It snowed. And snowed. And snowed. Over a metre of snow over a couple of weeks. So that by last weekend our back yard looked like this:

Back yard + Snow

That’s a 5 foot fence, to give you a sense of the how deep the snow is.

And that’s a tree, not a bush.

And so we ended up with a lot of snow on our roof.

And with my eye off the ball, paying attention to the snow on the ground, not the snow on the roof, we started to get ice dams forming along the gutters.

By Friday afternoon we started to fear that the ice dams would result in water getting into our house, and so it was time for evasive action.

Catherine made a round of calls to teams of shovelers that we’d used before, but we were not alone in our plight and they all replied with “maybe we can get to you by Monday.”

So it was up to me.

Feeble old me. Action.

Plan A: Find the Ladder

It would make sense to keep our extension ladder inside the house so as to be accessible for times like this. And so, of course, we did not do this. And so the ladder was – the theory went, anyway – out in the back yard under the aforementioned 5 feet of snow.

As it was still somewhat mild and the snow somewhat malleable on Friday evening, I headed out with a shovel in hand on an archeological dig along the right side of the yard.  I dug two very deep holes and came up empty. If the ladder was down there, I didn’t find it.

I did, however, manage to give myself a mild wrist sprain.

It goes without saying that our roof rake was in the back shed, similarly inaccessible.

Plan B: Buy a Ladder

With Friday night’s ladder-finding a washout, on Saturday I suspended all normal market-going activities and headed out to find a ladder, a roof rake and some ice melter.

Sherwood Home Hardware had a very nice ladder, but no roof rake, so I bought the ladder, squeezed it into the car, and headed on to Kent Building Supplies in the suburbs to see if they had any roof rakes.

They didn’t.

But, thankfully, Sherwood BMR did, and the staff there proved remarkably helpful to boot.
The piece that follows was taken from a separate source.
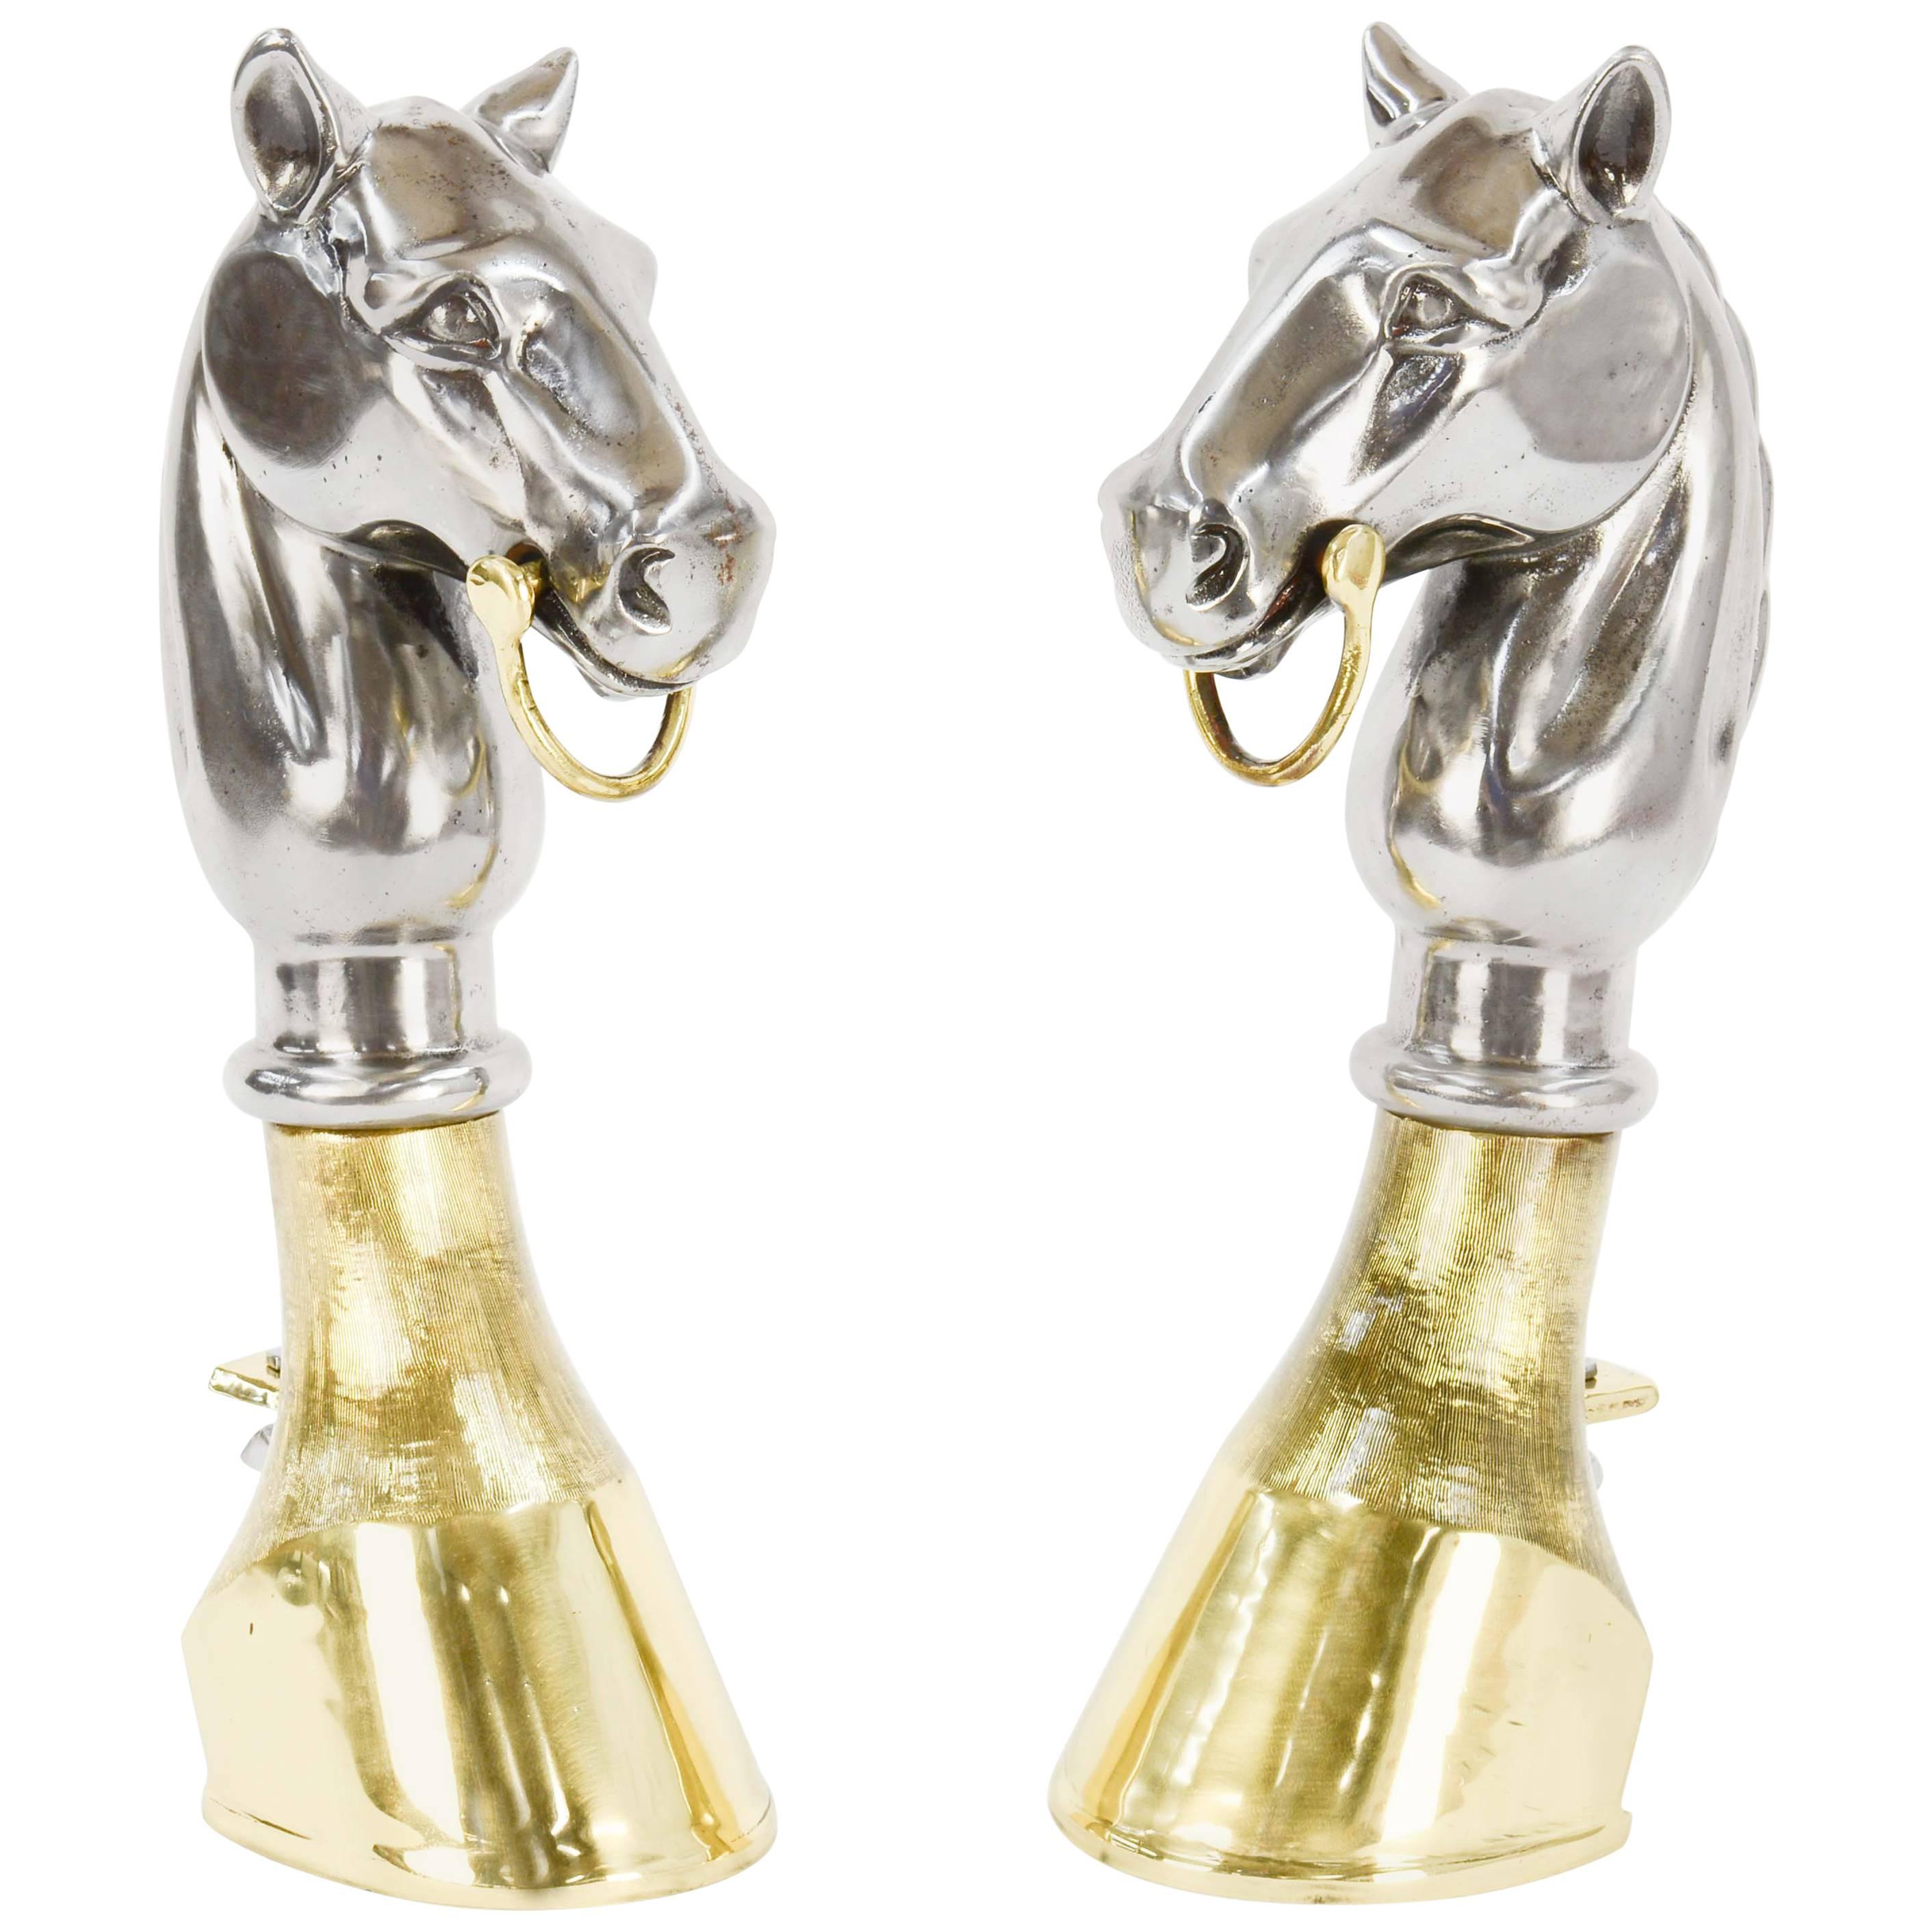 Pair of Polished Brass and Steel Equestrian Andiron Posts For Sale

The roof rake, I am happy to report, is the king of all the roof rakes: made by Garant it’s called the Yukon and it has several advantages over the roof rakes we all know and loathe: first, it’s got an oval-shaped main shaft, which means that even at fully-extended length it’s remarkably stable; second, its handle is telescoping, so there’s no losing the extension arms, and making it longer and shorter is an easy “press the button and slide in and out.” I heartily recommend this rake to anyone who needs one.

Find Pantyhose

This Old House recommends filling old pantyhose with salt and placing them on ice dams to create channels for water to flow out. As the alternative was going at the ice dams with an axe, I decided to try this out.

But nobody in our house wears pantyhose.

So I sent Catherine out to find some, and she ended up buying out the dollar store’s entire inventory, at $2 a pair.
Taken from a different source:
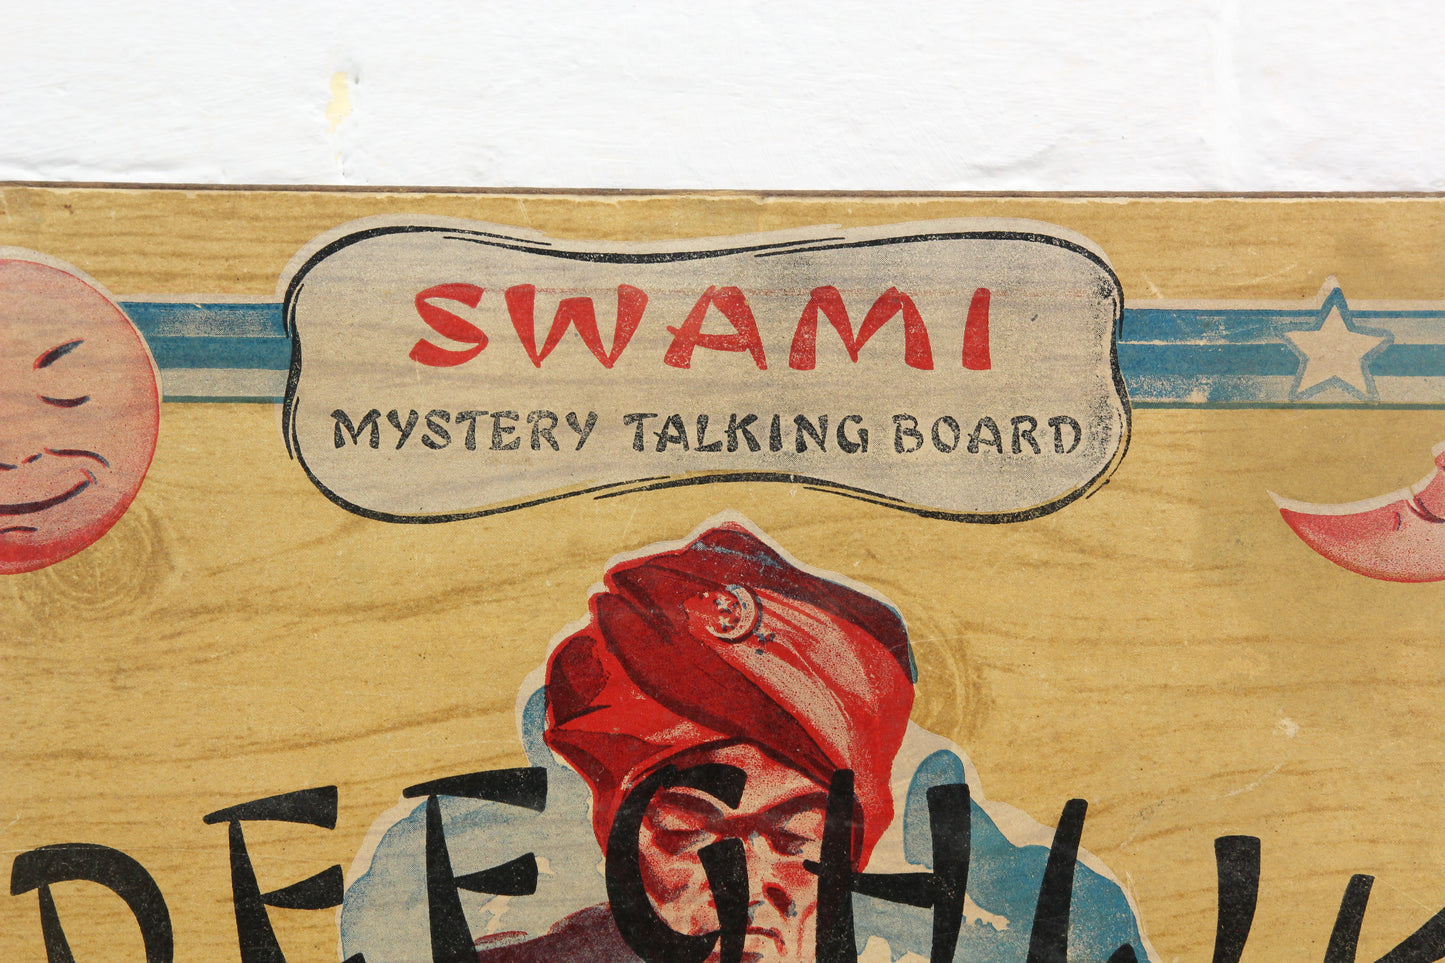 Swami Mystery Talking Board by National Novelties, Chicago, Illinois, Cicra 1940

Married with the ice melter I bought at Home Hardware, I was ready to go.

Target One: The Vestibule

I decided to start with an easy win. Our front vestibule, as you can see here, had its own share of snow on it:

Vestibule Snow

So, armed with the roof rake, I went to town.

It took about 30 minutes, but the roof rake proved up to the task, and I had the vestibule roof down to bare shingles when I was done.  I sprinkled some ice melter in the gutters to judge its effectiveness, and moved to the back mud room.

Target Two: The Mud Room

At this point the photographic evidence is rare, as I was in the throes of work.

We have a mud room off the back of the house that’s about the same size as the vestibule at the front, but with a flat roof with a very gentle slope. So it accumulates a lot of snow. It also happens to be an excellent staging ground for attacking the snow-laden back roof the house, so it was my next target.

This was a bigger job because there was more snow, because I needed to use the new ladder, in stepladder-mode, to get all of the the snow off, and because I had to stop and shovel the snow off the back deck regularly to keep the back door clear and to give me room to work.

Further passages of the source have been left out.